Over the last three decades both the computer architectures and applications have become very complex. Applications have become complex and span millions of lines of code. Modern architectures typically have multiple cores and multiple levels of caches.
Compilers fail to statically model and predict application behavior that are large. Compilers based optimizations are restricted to those supplied by the vendors and they typically cannot incorporate custom optimizations. Library based approaches require manual guidance for sophisticated low-level optimizations and is often error prone.
POET is an embedded scripting language that aims at decoupling empirical tuning aspect from the compiler or the library. It is specifically targeted to Scientific applications. It can be embedded in code written in any language like C,C++ or Fortran by interpreting input code fragments as as parametrized string and not trying to interpret the underlying language. POET scripts can be generated by an optimizing compiler or by a professional library developer.
Capabilities of POET
- Generic restructuring transformations (loop unrolling, loop interchange, loop blocking) can be written by library builders to define their custom transformation without having to write any specialized compiler.
- Important properties and special semantics can be easily expressed in the description of input code. For e.g. for the matrix multiplication kernel we can use the Function, loop, Nest and Sequence. We can also encode the domain specific knowledge within the input code description.
- To allow for re-configuration, the transformations can be parametrized e.g. integral parameter to the loop unrolling transformation that allows for the level of unrolling.

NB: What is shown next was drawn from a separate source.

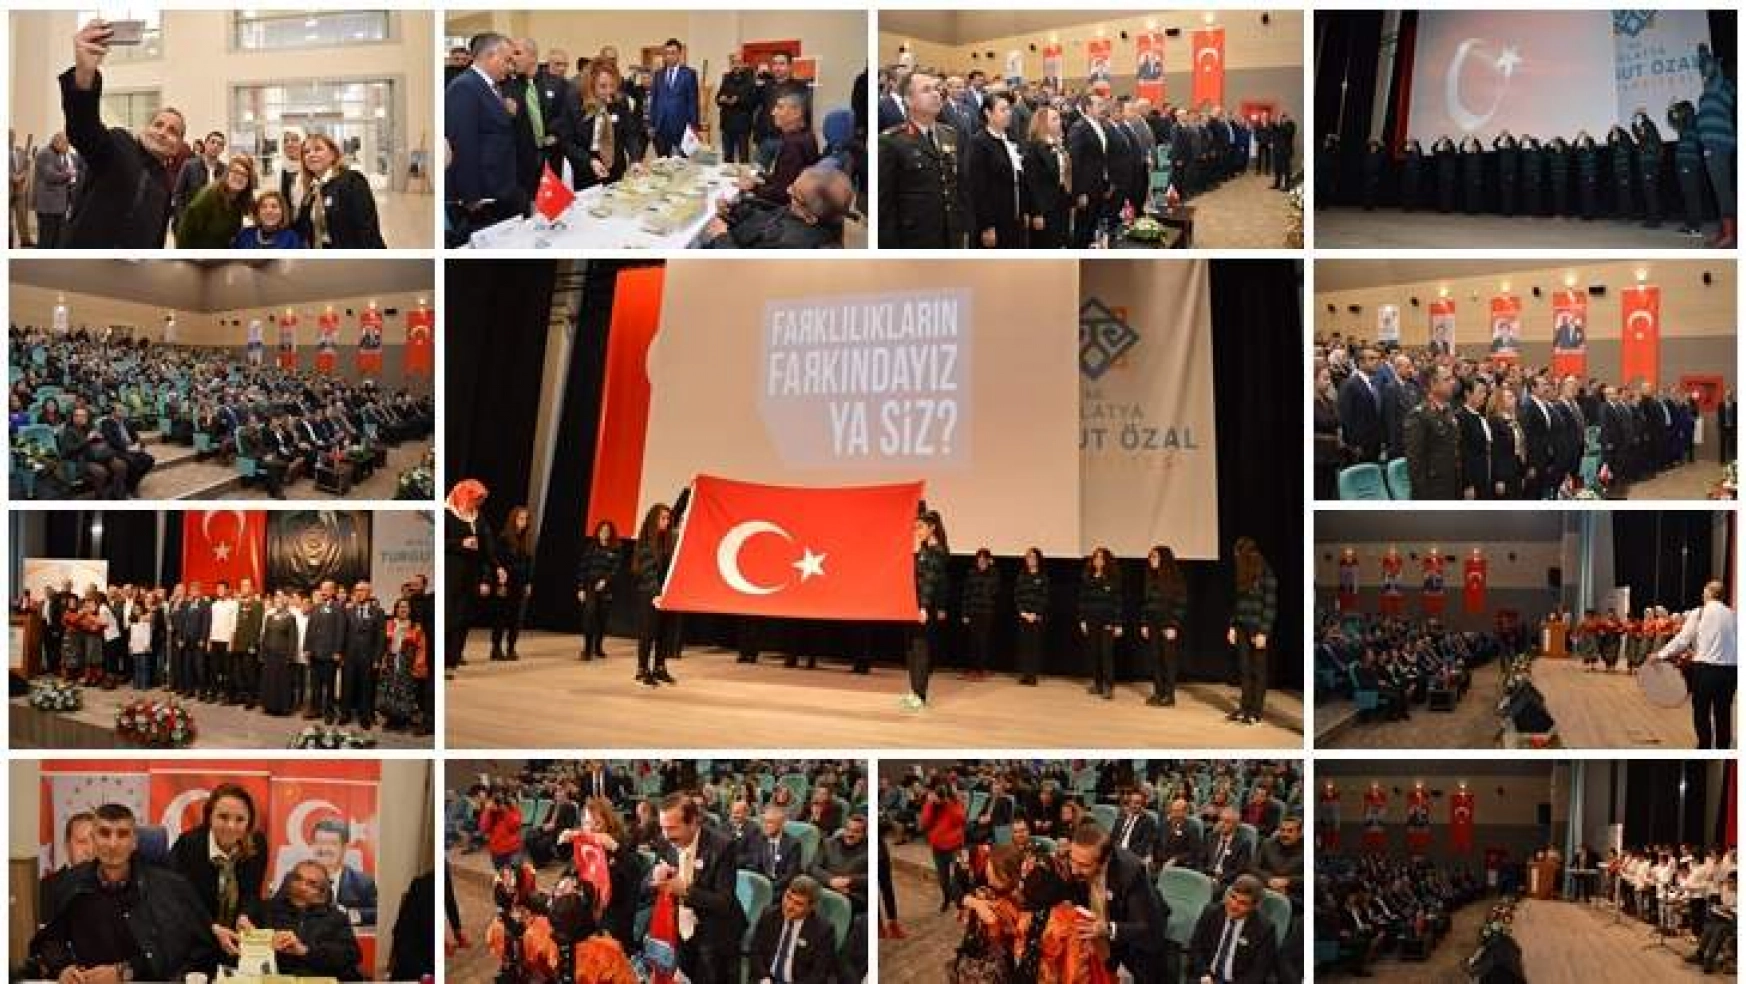 Turgut Özal Üniversitesinde 'Faklılıkların Farkındayız Ya Siz' adlı etkinlik yapıldı

POET supports four different kind of sections. The code and xform sections define the generic transformations that can be applied to arbitrary code. The define and output sections define the transformations that can be applied to any particular input code.
(1) poet : {section}
(2) section :
"<" "code" ID {codeAttr} ">" Exp "<" "/code" ">"
(3) | "<" "xform" ID {xformAttr} ">" Exp "<" "/xform" ">"
(4) | "<" "define" ID Exp ">"
(5) | "<" "output" FNAME Exp ">"
(6) codeAttr : "pars" "=" "(" ID {"," ID} ")"
(7) xformAttr : "pars" "=" "(" ID {"," ID} ")"
(8) | "tune" "=" "("ID"="INT{","INT} {";"ID"="INT{","INT}}")"
(9) Exp : Op
| Op ";" Exp | Op "," Exp | Op Exp
(10)Op : "if" Op "then" Op "else" Op
(11) | ID {"." ID} "=" Op
(12) | ID ":" Op
(13) | ID {"." ID} "#" Unit | ["car","cdr",INT] "#" Op
(14) | REPLACE "#" "(" Op "," Op "," Op ")"
(15) | PERMUTE "#" "(" Op "," Op ")"
(16) | DUPLICATE "#" "(" Op "," Op "," Op ")"
(17) | Op ["+","-","*"] Op | "-" Op
(18) | Op ["<","<=",">",">=","==","!="] Op
(19) | "!" Op | Op "&&" Op | Op "||" Op
(20) | Unit
(21)Unit : ID {"." ID} | INT | SOURCE | "(" Exp ")"
ID identifiers, e.g. Loop, Nest;
FNAME file names, e.g., mm.c, ../dgemm.c;
INT integer literals, e.g., 1, 0, 16, 64;
SOURCE strings of code fragments,
e.g. "c[i+j*m]+= alpha*b[k+j*l] * a[i+m*k];"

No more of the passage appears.